Information provided:

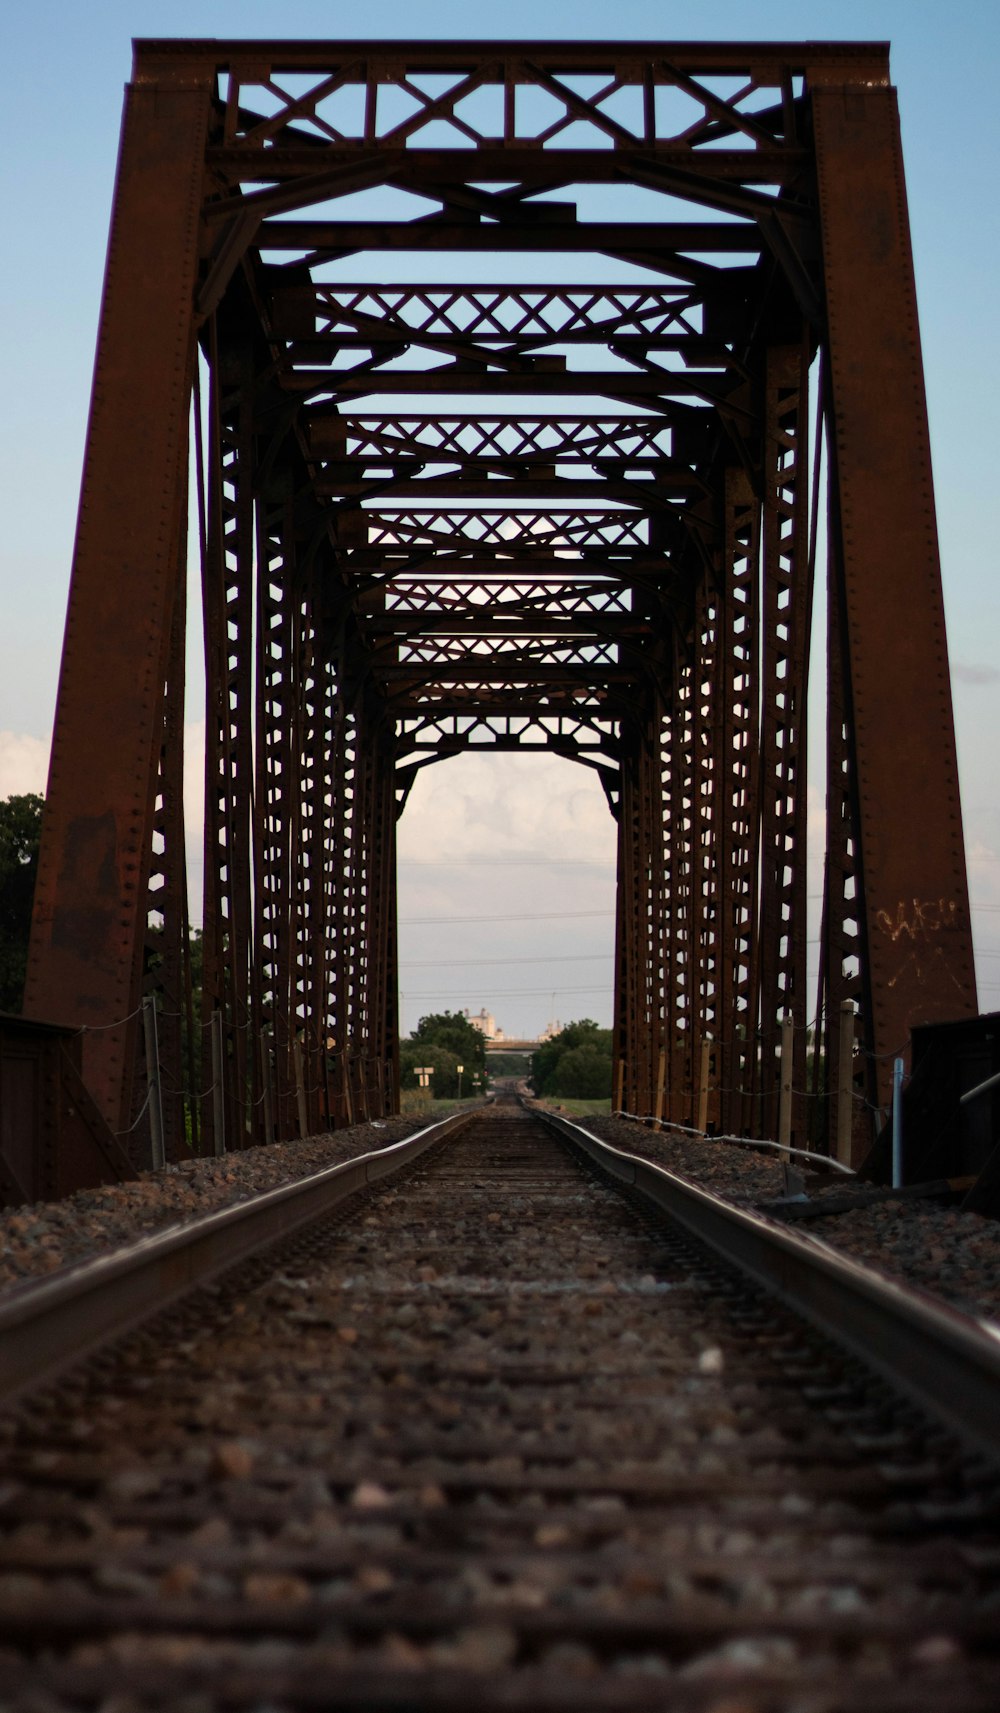 brown steel bridge
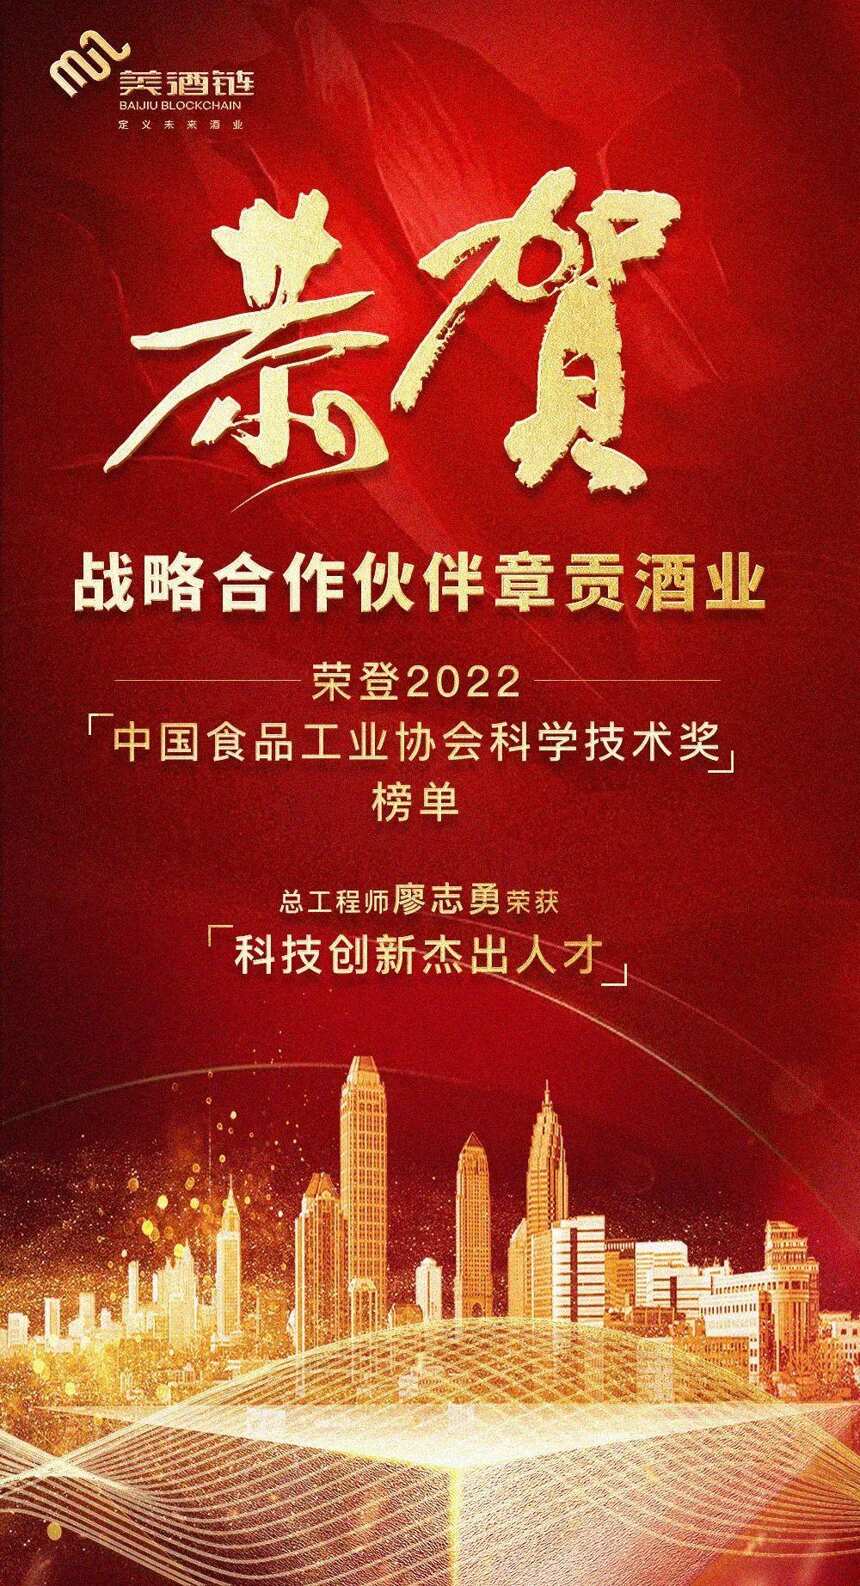 贺合作伙伴章贡酒业荣登2022“中国食品工业协会科学技术奖”榜单
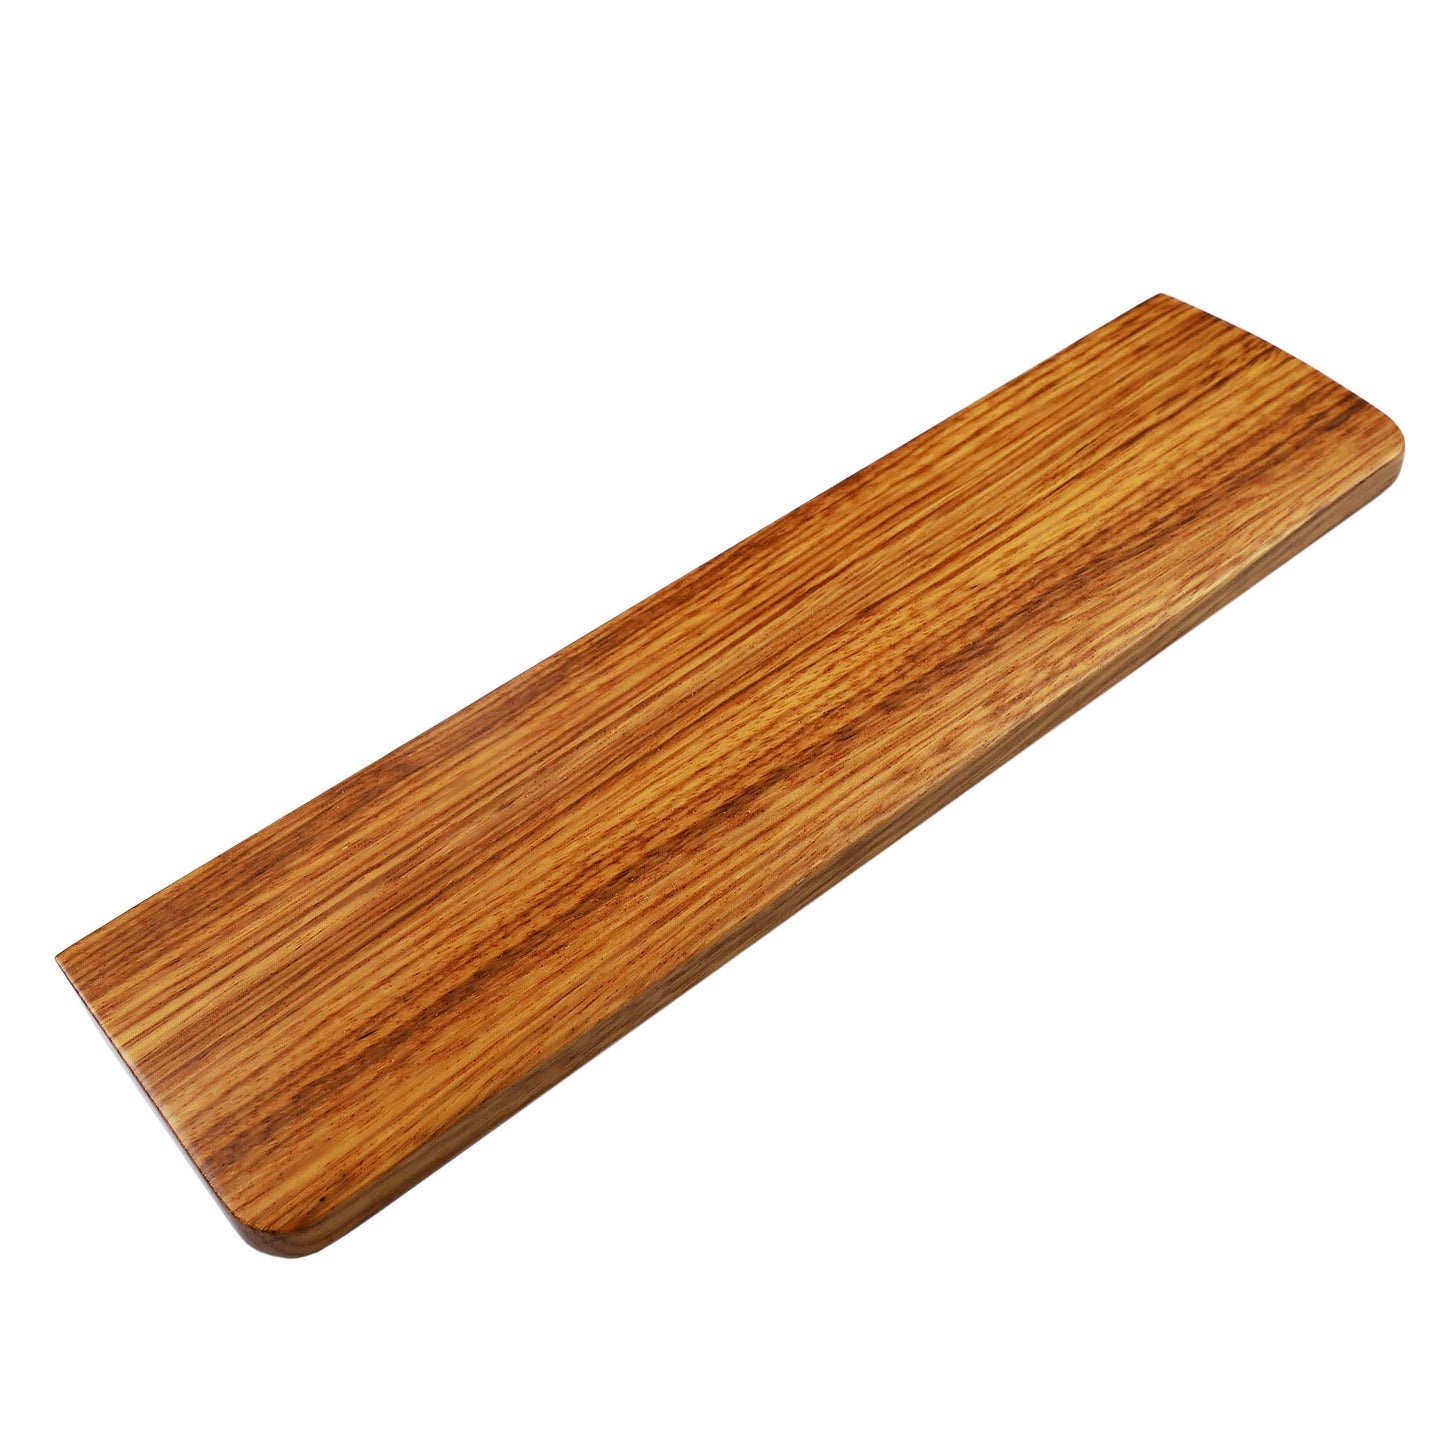 YMD-60% Wood Wrist(GH60 GK61 GK64 ID75 Using)
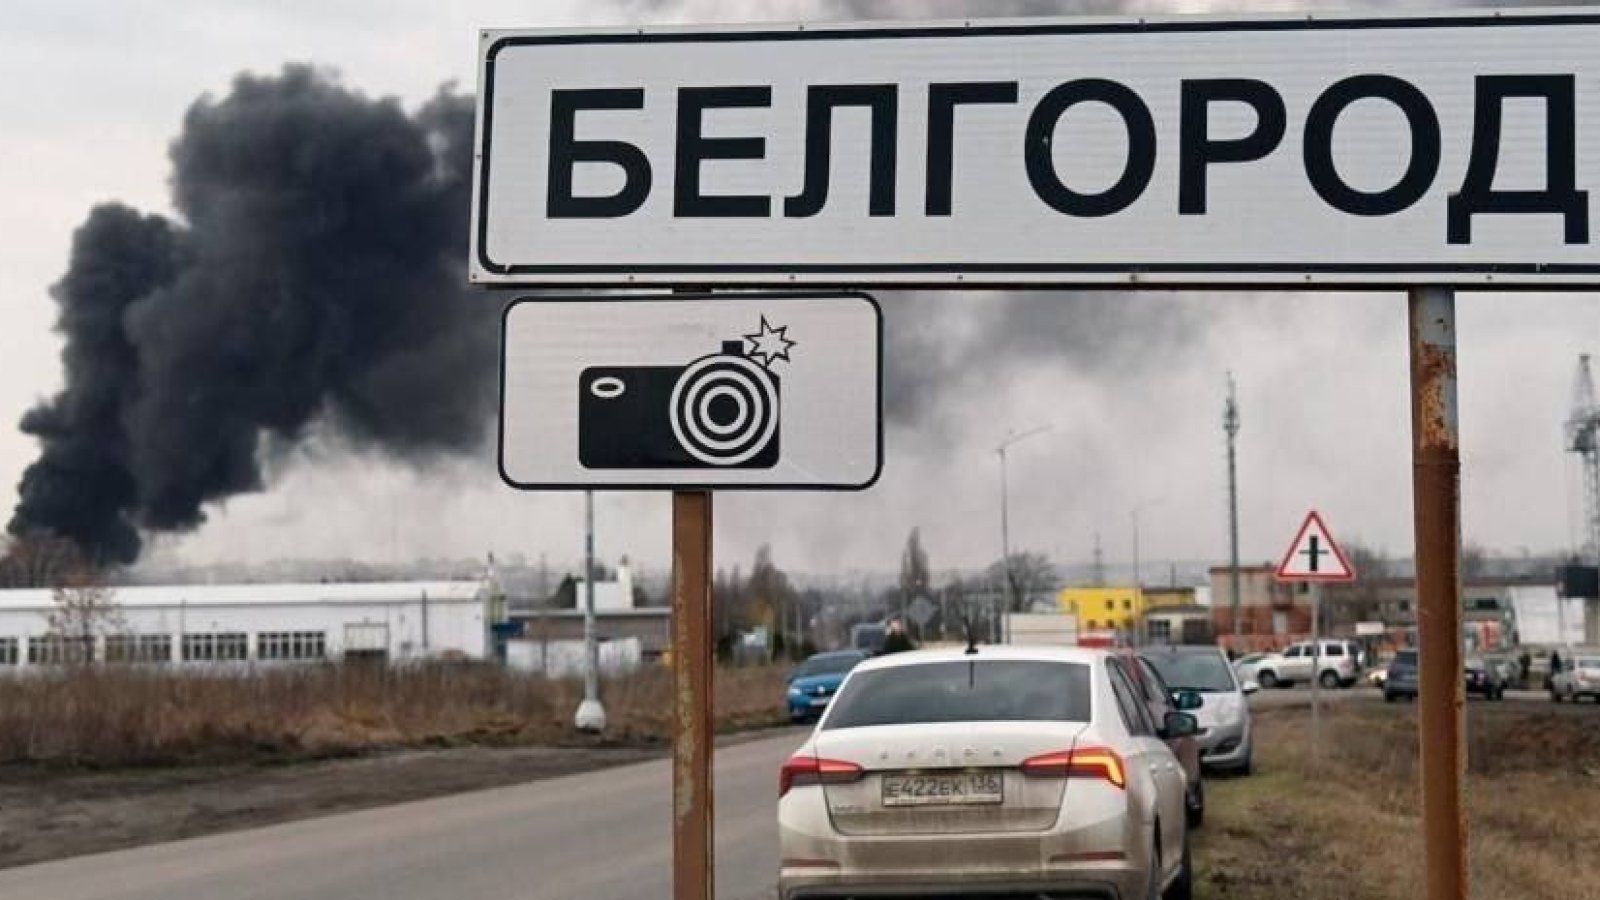 ​Z-пропагандист анонсировал "жест доброй воли" в Белгородской области: "Все к этому идет"

Task description: Copy out, with no pictures, the lines from the one containing "YMD-60% Wood Wrist(GH60" through the last line of the data above, both ends included and each word unchanged.

Task response:
 YMD-60% Wood Wrist(GH60 GK61 GK64 ID75 Using)
 ​Z-пропагандист анонсировал "жест доброй воли" в Белгородской области: "Все к этому идет"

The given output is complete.